Slice 5 — Full Authoring + Offline Authoring (M4)

F – Functional

  • US-13 refinements + US-15 live collab + US-18 manual localization + US-64 translate productionized + US-66 AI image + US-53 hybrid search.
  • US-92 offline edits + US-93 conflict UI + US-94 offline AI.
  • LTI 1.3 launch + deep-link + AGS.

N – Non-functional

  • Collab update propagation < 200 ms p95.
  • Offline authoring conflict rate < 1 % of offline edit sessions.
  • Hybrid search p95 < 300 ms.

A – AI

  • AI image styles + per-tenant brand profile.
  • AI merge suggestion eval.
  • Translation quality per locale ≥ target.

O – Offline

  • Offline authoring E2E (J-25) green.
  • Pre-upload queued assets + metadata sync.
  • Y.Doc offline merge tests.

S – Security

  • Collab WS auth + per-message ACL.
  • Asset safety pipeline extended to AI image + video.
  • Pen-test #3 closed.
  • SOC 2 Type II attestation received.

T – Multi-tenant

  • Tenant-glossary pinning for AI translation.
  • Collab sessions tenant-scoped.

V – Observability

  • Collab session dashboards.
  • Conflict rate dashboards per tenant.
  • Search NDCG@10 dashboards.

D – Docs

  • Full authoring user guide.
  • LTI 1.3 integration guide.
  • Offline authoring conflict troubleshooting.
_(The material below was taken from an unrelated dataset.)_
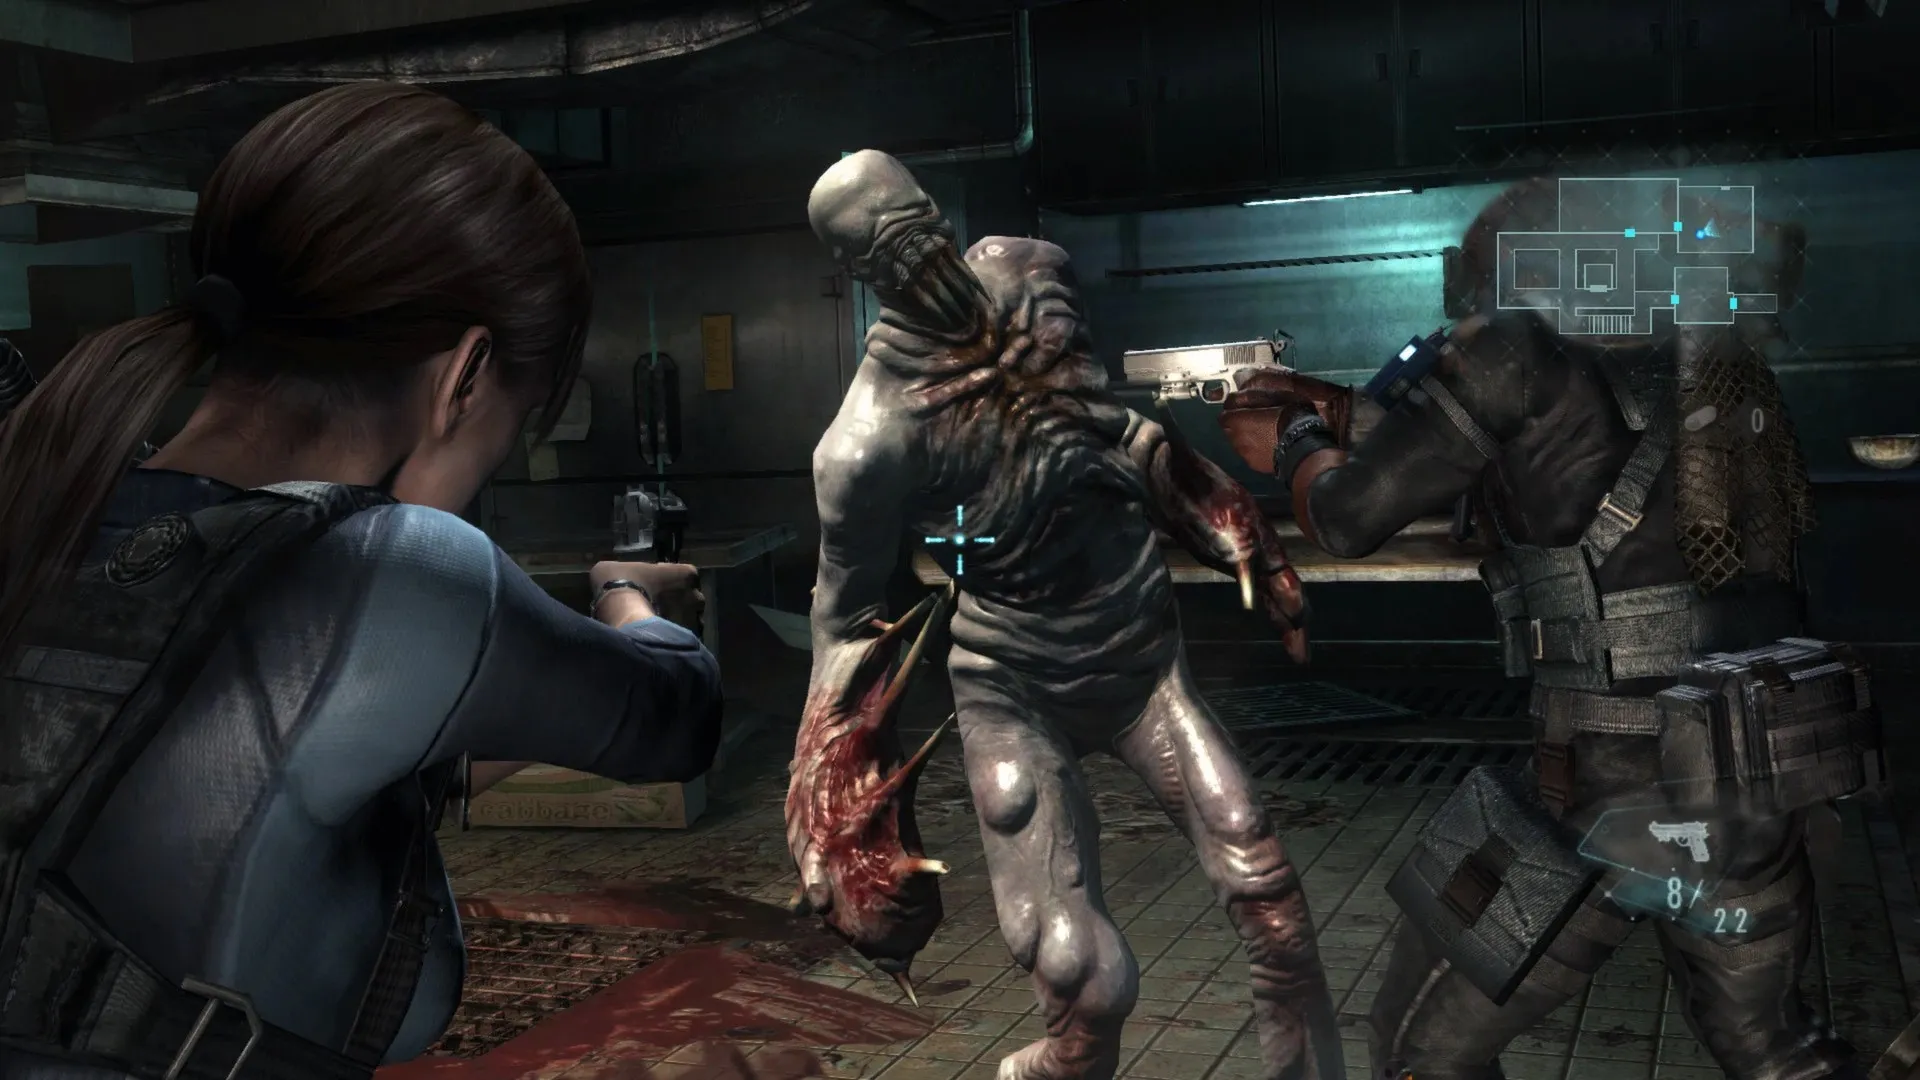 The 'Resident Evil: Revelations' Games Are Coming To The Nintendo Switch  Later This Month

Slice 6 — Scale + Advanced Insight + Mobile (M5)

F – Functional

  • US-54–US-55 recs + US-57–59 dashboards + US-75–76 admin insight v2 + US-101 + US-103 sync polish + US-107 residency migration.
  • Mobile native: biometric, widget, background sync.
  • HIPAA tier live.
  • White-label + custom domain.
  • Developer marketplace + SDK v1.

N – Non-functional

  • Residency migration saga executed on production-size fixture with 0 data loss.
  • Mobile native performance budgets met.
  • ISO 27001 control readiness.

A – AI

  • AI insight v2 board summaries eval.
  • Recommendations fairness monitoring live.

O – Offline

  • Mobile background sync tested on iOS + Android.
  • Biometric unlock for bundles.
  • Widget displays next-due compliance correctly offline.

S – Security

  • HIPAA provider allowlist enforced + audit export verified.
  • White-label CSP per tenant; XSS scope isolation verified.
  • ISO 27001 attestation readiness review.

T – Multi-tenant

  • Residency-scoped indices for search + vector.
  • HIPAA tenants isolated to BAA-approved AI providers.

V – Observability

  • Region-level SLO dashboards.
  • Mobile app RUM.
  • AI admin insight freshness + accuracy dashboards.

D – Docs

  • Multi-region administration guide.
  • HIPAA BAA customer guide.
  • Developer SDK docs + sample apps.
  • White-label branding guide.

Slice Release Sign-Off Template

DimensionOwnerSign-offDate
FunctionalPM
Non-FunctionalSRE lead
AIAI Services lead
OfflineSync lead
SecurityCISO / Security lead
Multi-tenantPlatform lead
ObservabilitySRE lead
DocumentationDevEx lead
Slice overallCTO

A slice can only ship when every dimension has a dated sign-off from its named owner.